In this study, we describe results of behavioral and perception surveys administered as part of a longitudinal cohort study of students, faculty, and staff at a small liberal arts college located in Milton, Massachusetts, a suburb of Boston. This college has approximately 2000 undergraduate students, about 1000 of which live on campus in congregate dormitory settings, as well as 300 faculty and 400 staff members. Data were collected at two time points during the Spring 2021 semester: in the first week students returned to campus in early February, and immediately prior to final exams in late April 2021. We report the perceptions and intentions of this population regarding the COVID-19 vaccine as well as vaccine uptake.


All students, faculty, and staff members of Curry College electronically received an invitation to learn more about the study and enroll via a HIPAA-compliant, online survey-hosting platform. Interested individuals completed the informed consent process online in either text or video format; we have previously demonstrated that video consent is associated with higher comprehension of consent elements [16]. Consent to participate was documented online. Eligibility criteria were as follows: aged ≥18 years, ability to read and understand English without assistance, being a member of the Curry College residential community during the Spring 2021 semester (February-May 2021); completing at least part of their instruction or job in-person on the Curry College campus in Milton, Massachusetts; intention to remain in the vicinity of Curry College for the entire study period, willingness to comply with Curry College COVID-19 weekly screening requirements, willingness to answer biweekly study surveys electronically sent via email, willingness to participant in venipuncture for blood sample collection, and having no bleeding disorder preventing the use of venipuncture. Eligible participants who did not complete consent before returning to campus were offered enrollment on-site during their first week of classes.

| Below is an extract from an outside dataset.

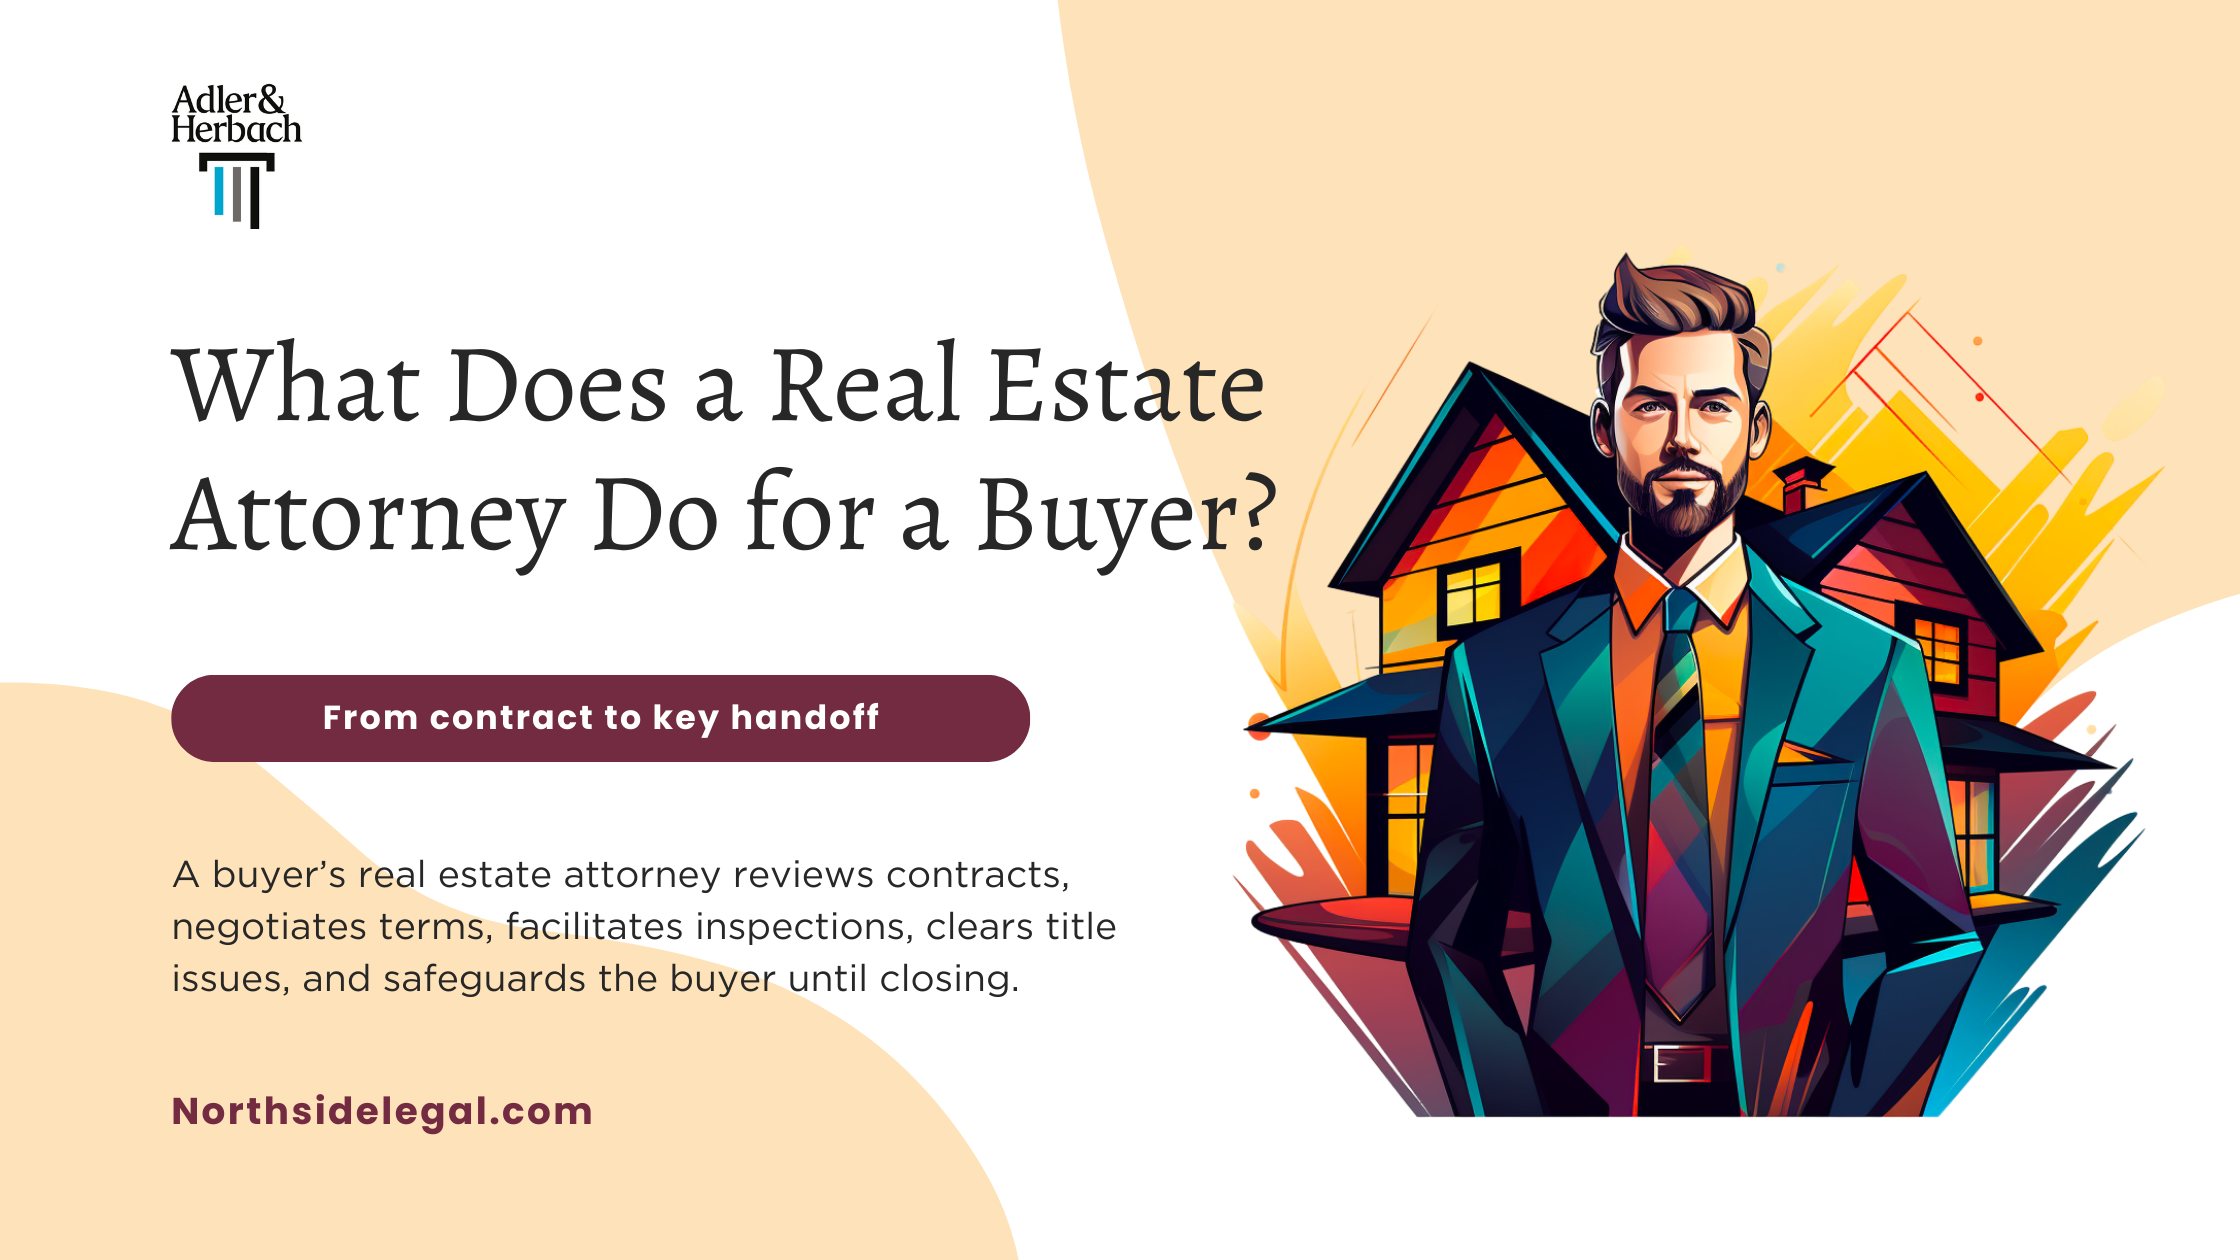 What Does a Real Estate Attorney Do for a Buyer in Illinois?

Enrolled participants completed an online baseline survey. The survey collected demographic and socioeconomic information, as well as perceptions regarding COVID-19 risk and the COVID-19 vaccines, vaccine hesitancy, and self-reported vaccine uptake, with individual questions adapted from a validated, national probability-sampled survey used in a larger study of SARS-CoV-2 seroprevalence [17]. Vaccine hesitancy and concerns about the vaccine were assessed with a single item asking about willingness to receive the vaccine when eligible. At the time of the baseline survey in February 2021, most states were only offering the vaccine to those aged >65 years, health care workers, and essential workers. By the time of the final survey in late April 2021, all US adults were eligible for the COVID-19 vaccine. Participants were also asked about their perception of the safety and efficacy of the vaccines and perceptions about the timing of the EUA approval for the vaccines. At the end of the Spring 2021 semester in late April, participants completed a final survey including the same questions about perceptions about COVID-19 vaccines and receipt of vaccination.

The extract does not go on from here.